Lun aligment with Solaris ZFS

hdiseguros

Could anyone help me with this issue.

Currently we are suffering from low performance during some peak times during comercial hours.

Searching for a cause, I started a Perfstat and found in aligment session that all my Solaris ZFS luns shows a behaviour of spread read and writes IOps in all buckets, and all my Windows Hosts are hitting 80-100% os read/writes ops in bucket 4 or 7 even with partitions offset divisible to 4096.

Dont know what to do...

Solaris ZFS example :

lun:/vol/corretorbancos/bancos-W-DJKoXT6c8S:read_align_histo.0:12%
lun:/vol/corretorbancos/bancos-W-DJKoXT6c8S:read_align_histo.1:11%
lun:/vol/corretorbancos/bancos-W-DJKoXT6c8S:read_align_histo.2:11%
lun:/vol/corretorbancos/bancos-W-DJKoXT6c8S:read_align_histo.3:9%
lun:/vol/corretorbancos/bancos-W-DJKoXT6c8S:read_align_histo.4:13%
lun:/vol/corretorbancos/bancos-W-DJKoXT6c8S:read_align_histo.5:14%
lun:/vol/corretorbancos/bancos-W-DJKoXT6c8S:read_align_histo.6:11%
lun:/vol/corretorbancos/bancos-W-DJKoXT6c8S:read_align_histo.7:13%
lun:/vol/corretorbancos/bancos-W-DJKoXT6c8S:write_align_histo.0:23%
lun:/vol/corretorbancos/bancos-W-DJKoXT6c8S:write_align_histo.1:11%
lun:/vol/corretorbancos/bancos-W-DJKoXT6c8S:write_align_histo.2:4%
lun:/vol/corretorbancos/bancos-W-DJKoXT6c8S:write_align_histo.3:7%
lun:/vol/corretorbancos/bancos-W-DJKoXT6c8S:write_align_histo.4:2%
lun:/vol/corretorbancos/bancos-W-DJKoXT6c8S:write_align_histo.5:6%
lun:/vol/corretorbancos/bancos-W-DJKoXT6c8S:write_align_histo.6:17%
lun:/vol/corretorbancos/bancos-W-DJKoXT6c8S:write_align_histo.7:4%
lun:/vol/corretorbancos/bancos-W-DJKoXT6c8S:read_partial_blocks:0%
lun:/vol/corretorbancos/bancos-W-DJKoXT6c8S:write_partial_blocks:20%

Windows Host SQL Server example :

lun:/vol/teamworks/db-W-DJKoX2Y8N1:read_align_histo.0:0%
lun:/vol/teamworks/db-W-DJKoX2Y8N1:read_align_histo.1:100%
lun:/vol/teamworks/db-W-DJKoX2Y8N1:read_align_histo.2:0%
lun:/vol/teamworks/db-W-DJKoX2Y8N1:read_align_histo.3:0%
lun:/vol/teamworks/db-W-DJKoX2Y8N1:read_align_histo.4:0%
lun:/vol/teamworks/db-W-DJKoX2Y8N1:read_align_histo.5:0%
lun:/vol/teamworks/db-W-DJKoX2Y8N1:read_align_histo.6:0%
lun:/vol/teamworks/db-W-DJKoX2Y8N1:read_align_histo.7:0%
lun:/vol/teamworks/db-W-DJKoX2Y8N1:write_align_histo.0:0%
lun:/vol/teamworks/db-W-DJKoX2Y8N1:write_align_histo.1:99%
lun:/vol/teamworks/db-W-DJKoX2Y8N1:write_align_histo.2:0%
lun:/vol/teamworks/db-W-DJKoX2Y8N1:write_align_histo.3:0%
lun:/vol/teamworks/db-W-DJKoX2Y8N1:write_align_histo.4:0%
lun:/vol/teamworks/db-W-DJKoX2Y8N1:write_align_histo.5:0%
lun:/vol/teamworks/db-W-DJKoX2Y8N1:write_align_histo.6:0%
lun:/vol/teamworks/db-W-DJKoX2Y8N1:write_align_histo.7:0%
lun:/vol/teamworks/db-W-DJKoX2Y8N1:read_partial_blocks:0%
lun:/vol/teamworks/db-W-DJKoX2Y8N1:write_partial_blocks:0%

Need help

1 ACCEPTED SOLUTION

mitchells

priv set diag; stats show lun

View solution in original post

20 REPLIES 20

cschnidr

I have a customer with the same problem.

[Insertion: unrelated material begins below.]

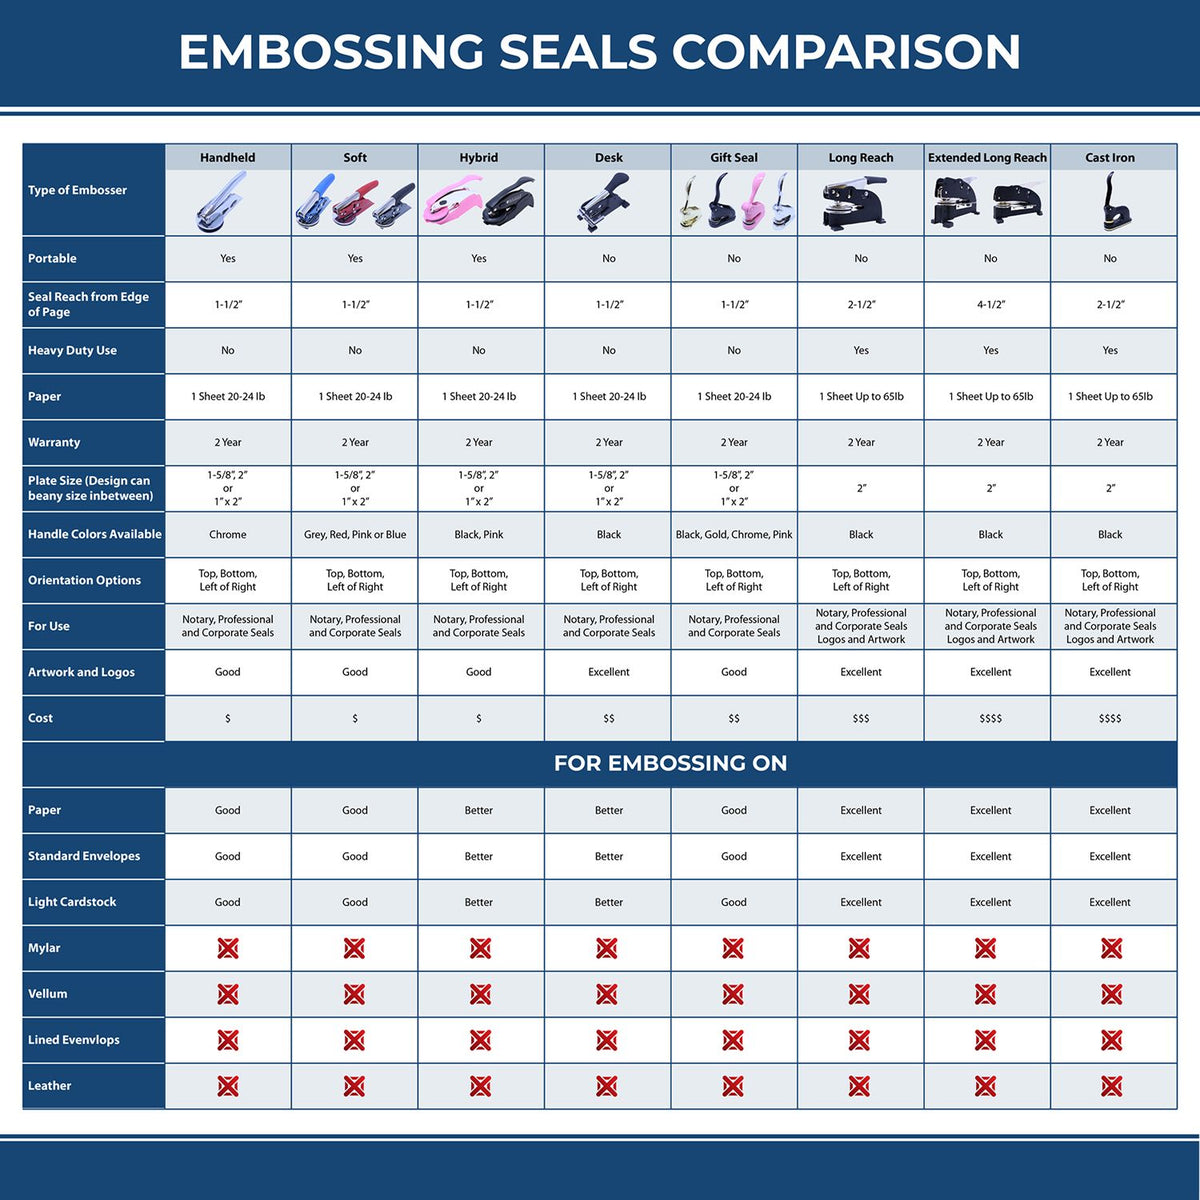 A comparison chart for the different types of mount models available for the Soft New Jersey Professional Engineer Seal.

The alignment is correct, the starting offset is correct. The problem seem that ZFS randomly changes the block sizes throughout its work from as small as 512Bytes on upward.  This issue came into play starting with a certain Solaris 10 Update 7 (Update 3 and 5 show different behaviour).  There is no fix for this that I am aware of beyond not using ZFS if using the Solaris Versions
beyond 10 Update 7. You might wanna check an ZFS expert if this is a bug in ZFS, since this is affecting the performance of any array. Also, changing the recordsize doesn't seem to help here.

hdiseguros

Thankyou  cschnidr , its not the best answer I would expect but is an aswer anyway.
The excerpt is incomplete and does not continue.